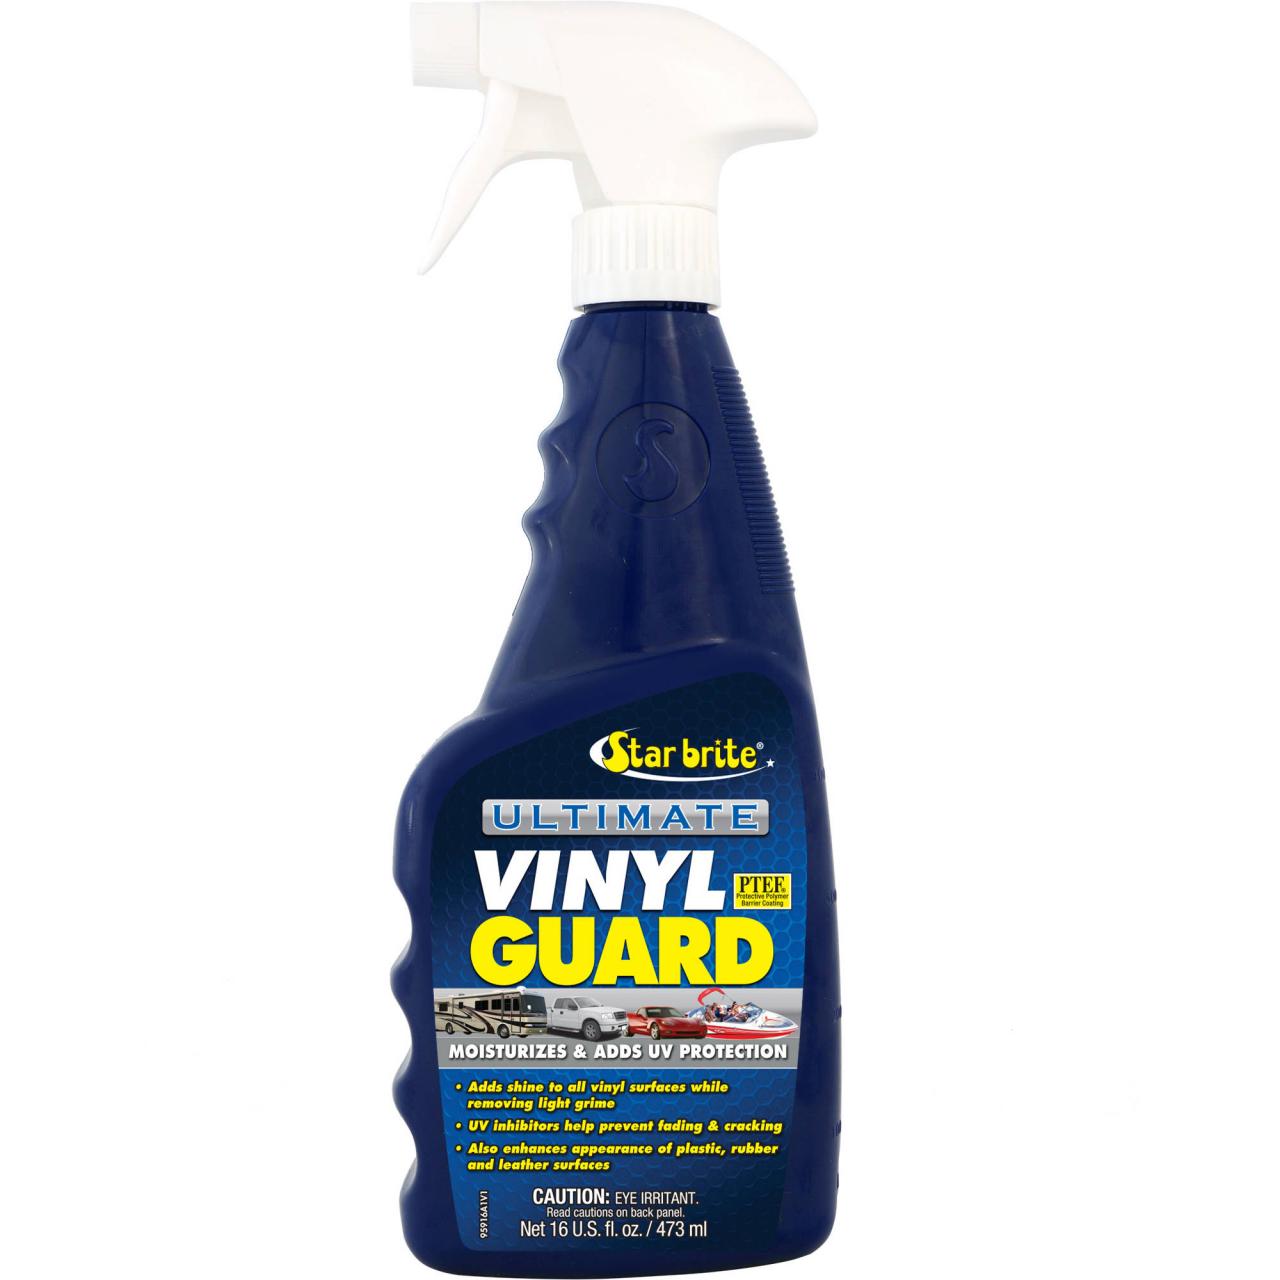 Buy Star brite Ultimate Vinyl Guard Protectant with PTEF - 32 oz. Sprayer  Online in Hungary. B00TUNQFQG
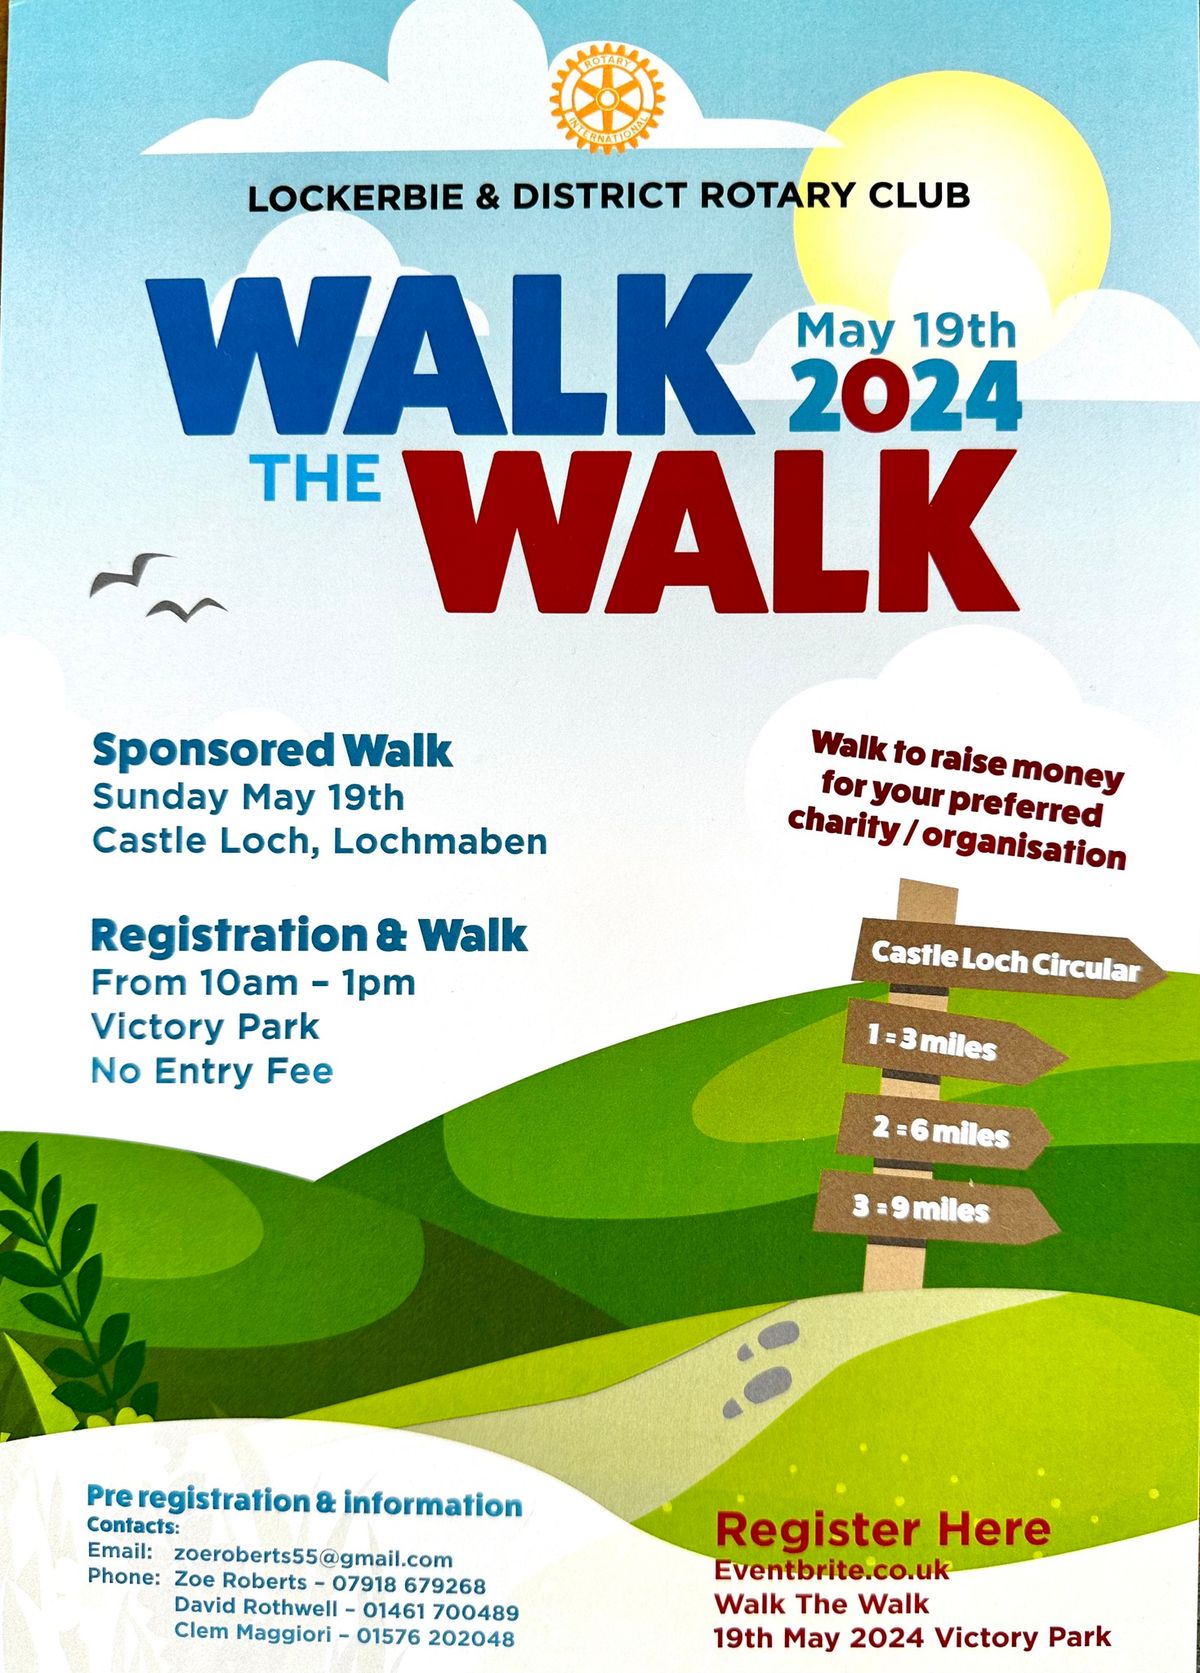 Walk the Walk - raise money for your own charity or cause
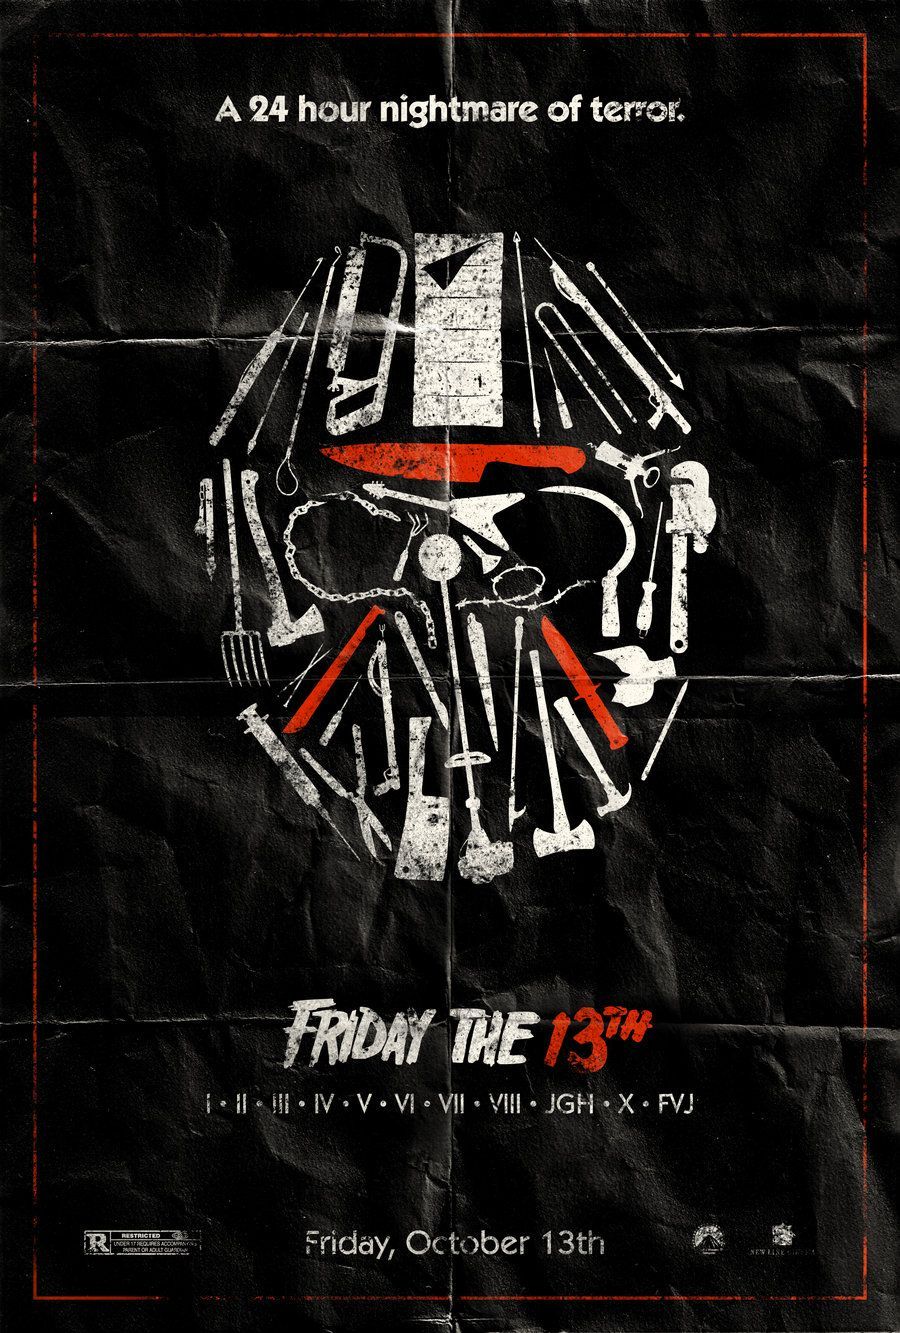 Mini Horror Reviews - Friday The 13th (1980) by techgnotic on ...
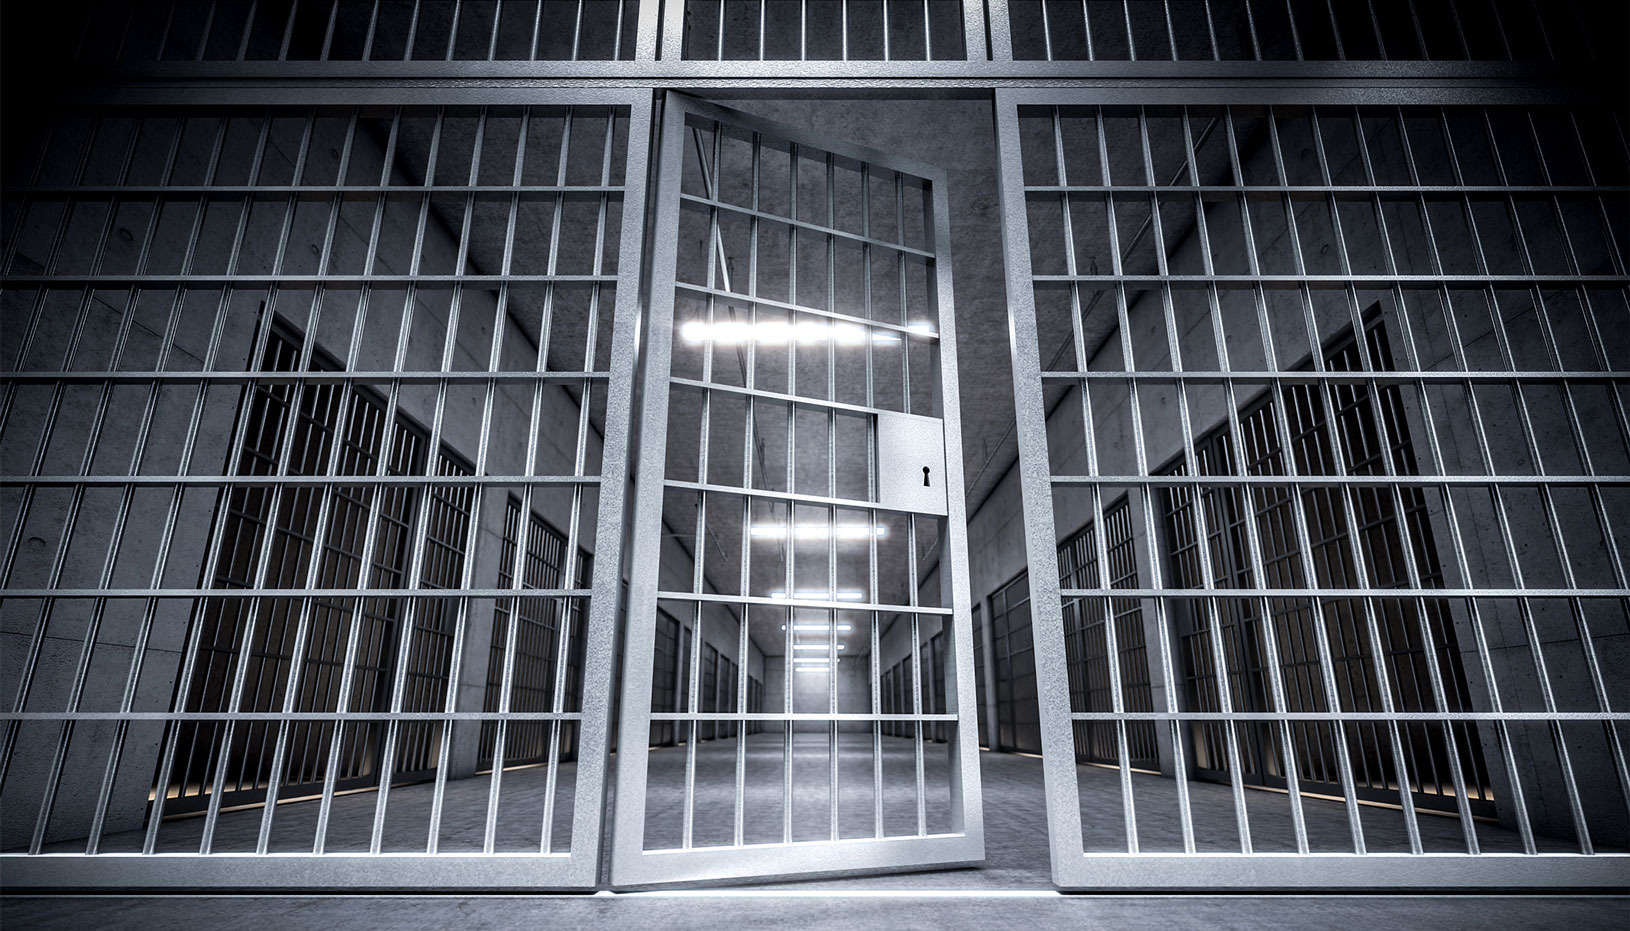 Black and White image of door to jail cells
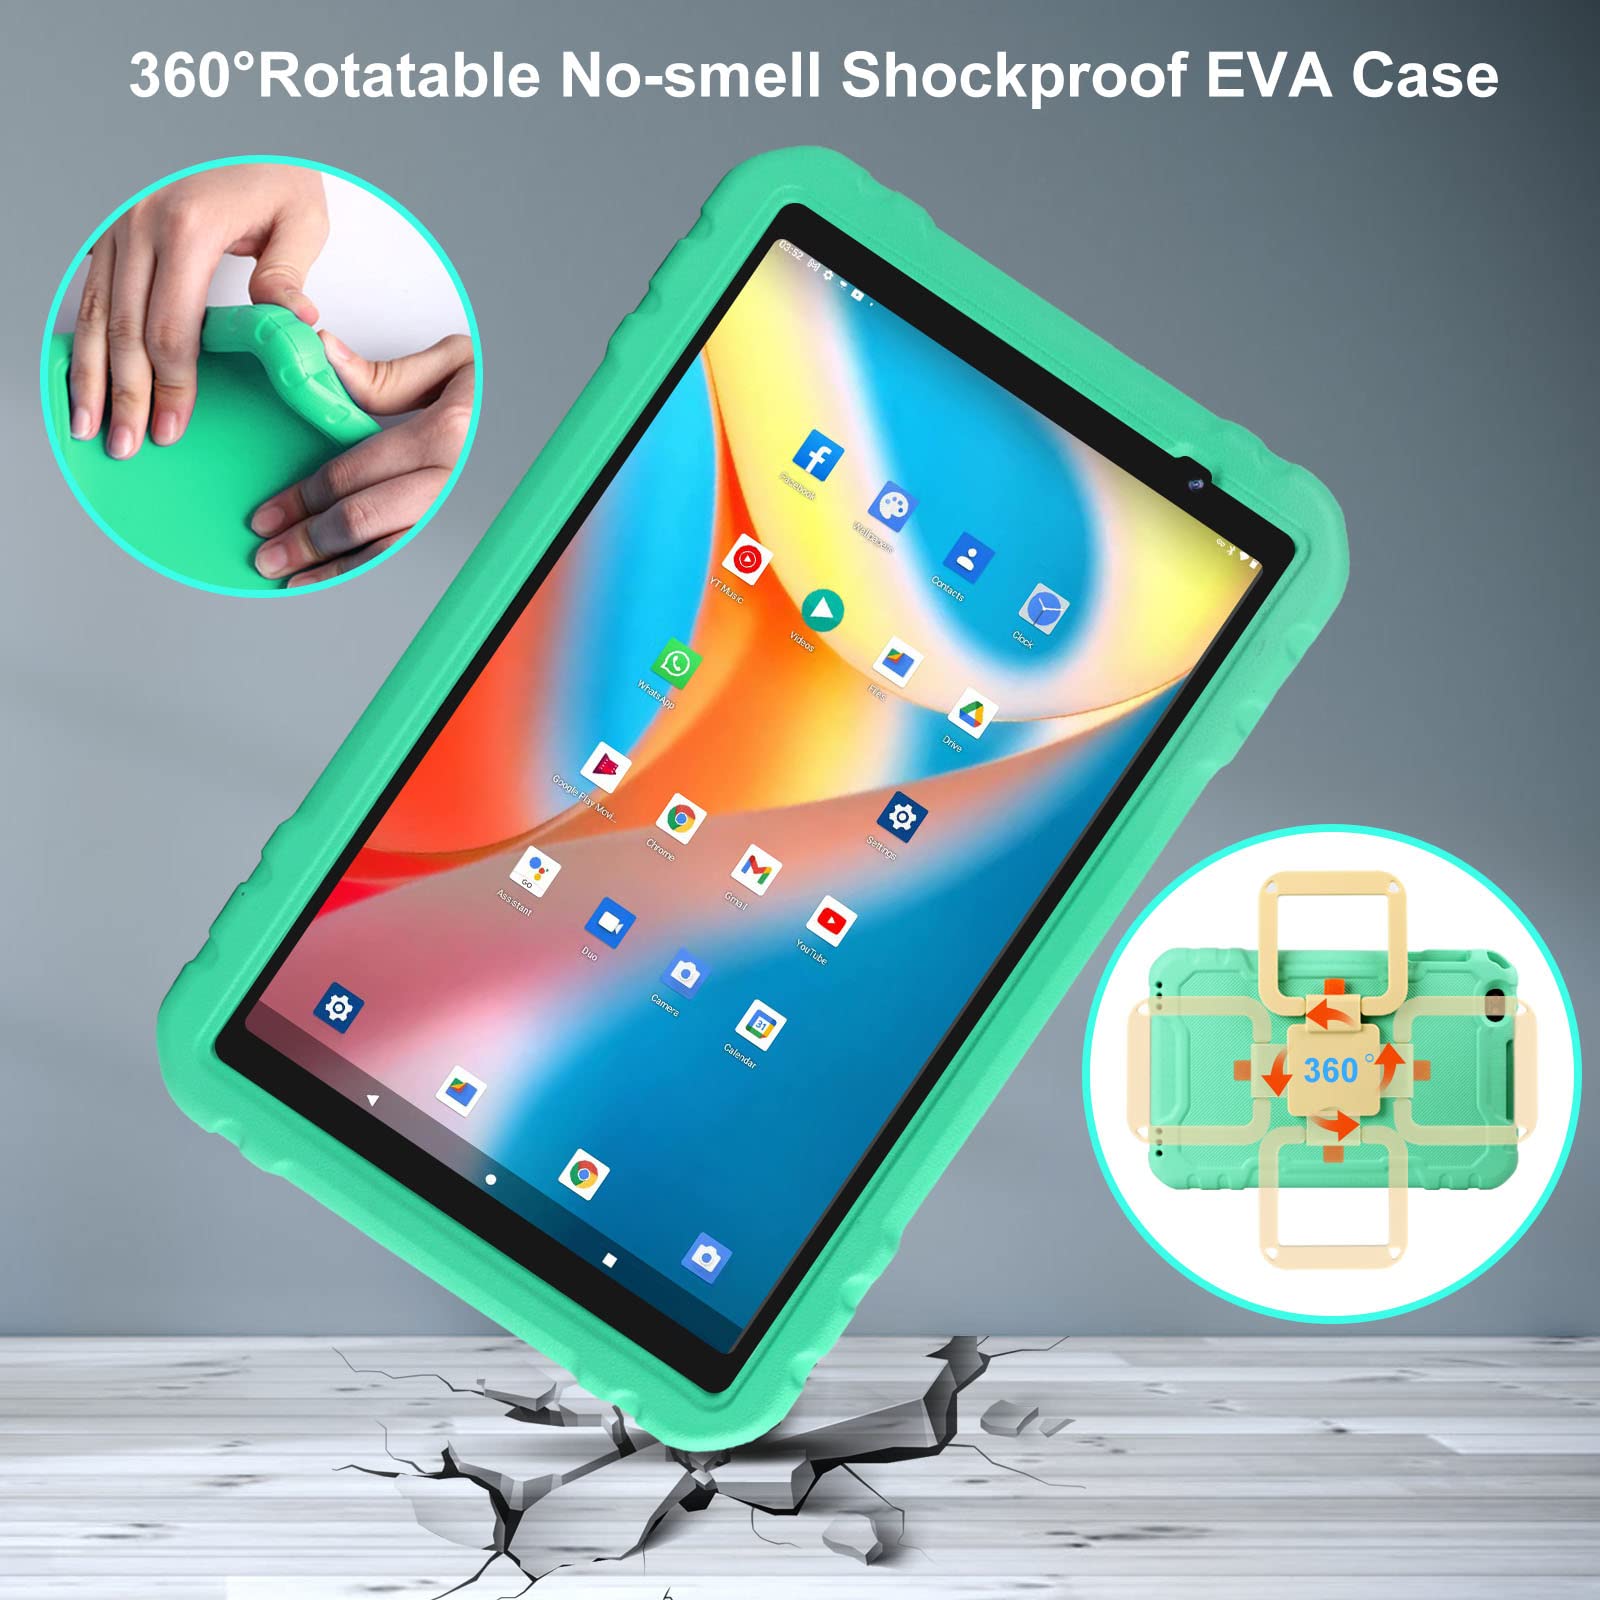 AOCWEI 2024 Tablet, 10 inch Android 13 Tablets with Octa-Core, 14GB RAM 128GB ROM, 8000mAh Battery, Drop-Proof Case, TF 512GB, HD IPS Touchscreen, 5G WiFi, Bluetooth, GPS, Split Screen -X500 Green

▶ **Activity**: At the line containing "Black and White image of door to jail cells", begin reproducing the entries word for word, and continue through their last line. Leave out the pictures.

▶ **Task response**:
 Black and White image of door to jail cells
 AOCWEI 2024 Tablet, 10 inch Android 13 Tablets with Octa-Core, 14GB RAM 128GB ROM, 8000mAh Battery, Drop-Proof Case, TF 512GB, HD IPS Touchscreen, 5G WiFi, Bluetooth, GPS, Split Screen -X500 Green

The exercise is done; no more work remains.